2017: Westinghouse goes bust Toshiba's United.States nuclear subsidiary Westinghouse Electric, whose tech is used in around half the world's atomic reactors, goes bankrupt, largely owing to delays and cost overruns. Strapped for cash, Toshiba is forced to try to sell part of the family silver – its memory chip business, which accounts for around a quarter of annual revenue. The conglomerate posts a net loss of $8.8 billion in 2016/17 as it faces the humiliating threat of being delisted from the Tokyo Stock Exchange (TSE).
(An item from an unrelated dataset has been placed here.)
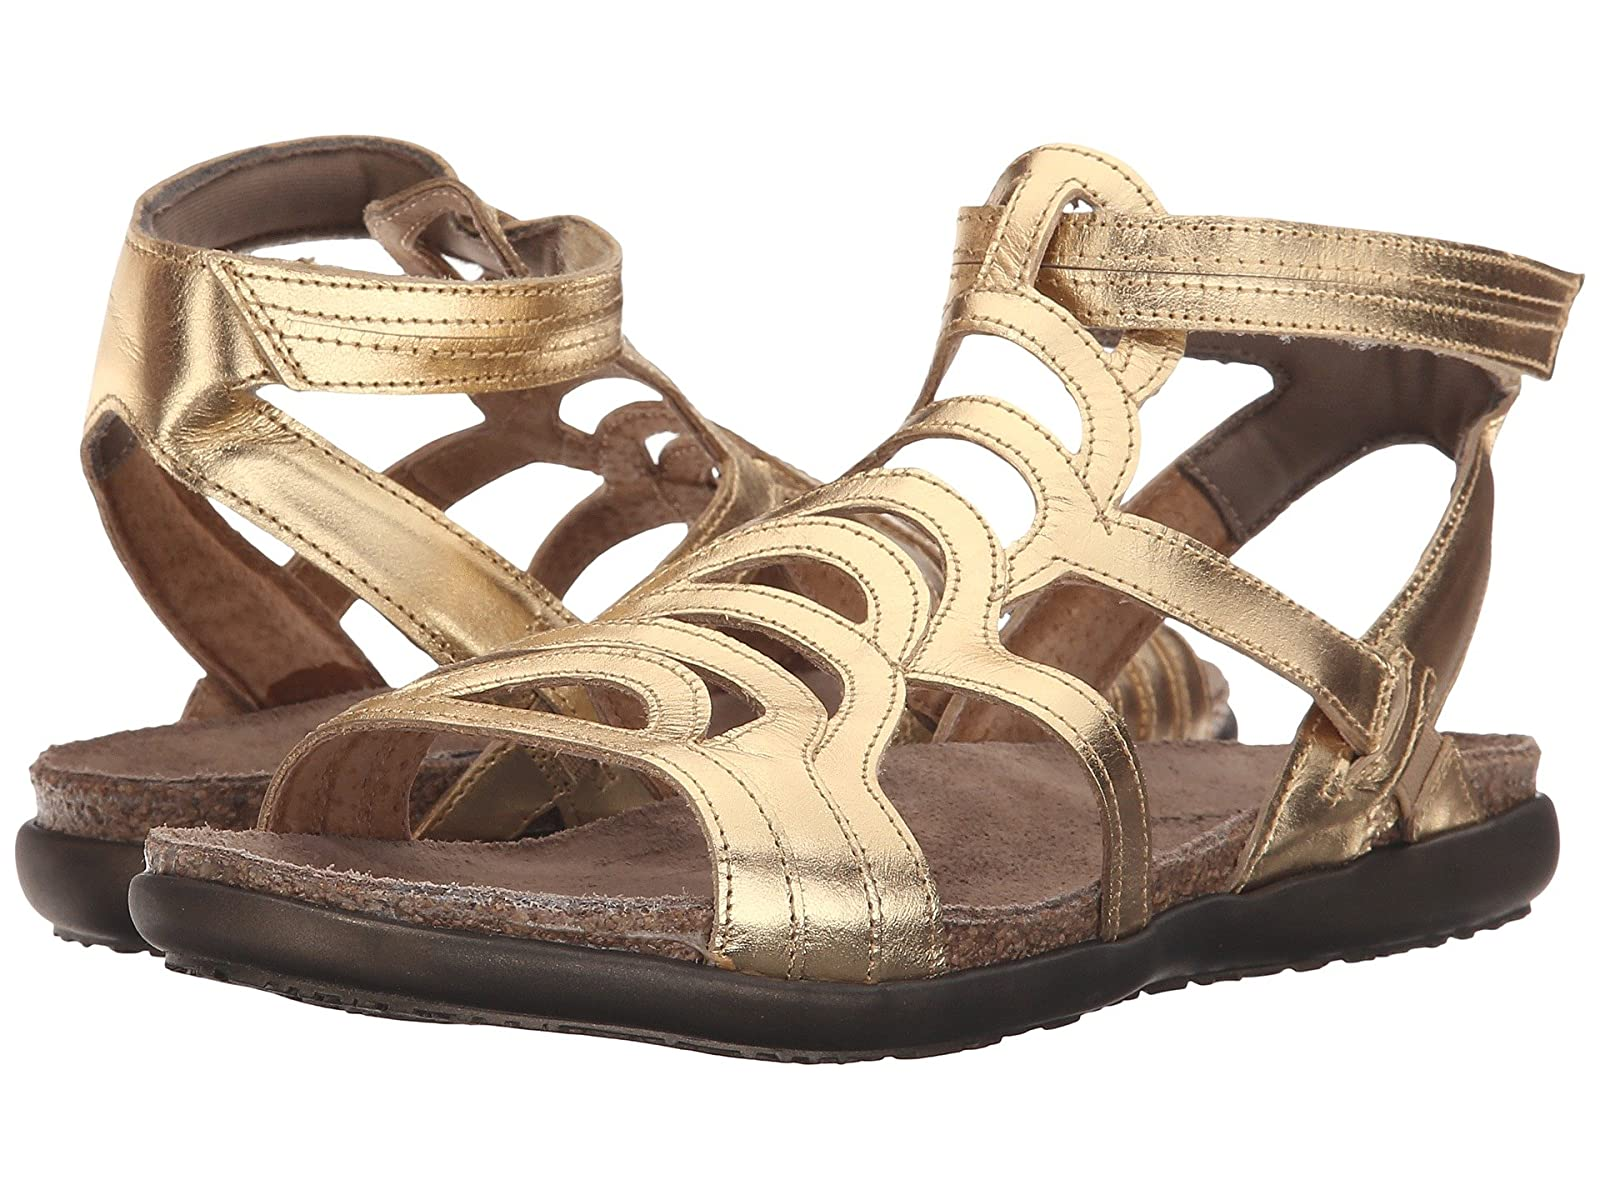 Naot SaraCheap and distinctive eye-catching shoes

It raises $5.3 billion in new capital with foreign activist investors rushing in, but is demoted to the TSE's second section.

2018: Mega-sale of Toshiba Memory – After months of complications, the $21-billion sale of prized chip unit Toshiba Memory to a group led by U.S. investor Bain Capital is completed. Toshiba retains a 40% stake in the chip business, which is renamed Kioxia. The deal is seen as crucial to keeping Toshiba afloat, even as the firm says it has bounced back into the black and avoided delisting by ceding assets and debts related to Westinghouse.

2019-2020: Shareholder pressure – Toshiba works on its financial woes and strengthens its governance, with a board composed of mostly external directors. But the group faces pressure from activist shareholders who want to see faster growth and a clearer long-term strategy. The crisis comes to a head after its 2020 annual general meeting, as some shareholders call for an independent inquiry into vote irregularities – a demand refused by company management.

April 2021: Surprise buyout offer – Having won a return to the TSE's first section, Toshiba says it has received a takeover offer from private equity fund CVC Capital Partners. The offer, reportedly in excess of $20 billion, stirs tumult within the firm around allegations it is intended to blunt the influence of activist investors. In a shock move, Toshiba's president Nobuaki Kurumatani, who previously worked for CVC, resigns – although he insists his decision is not related to the buyout controversy.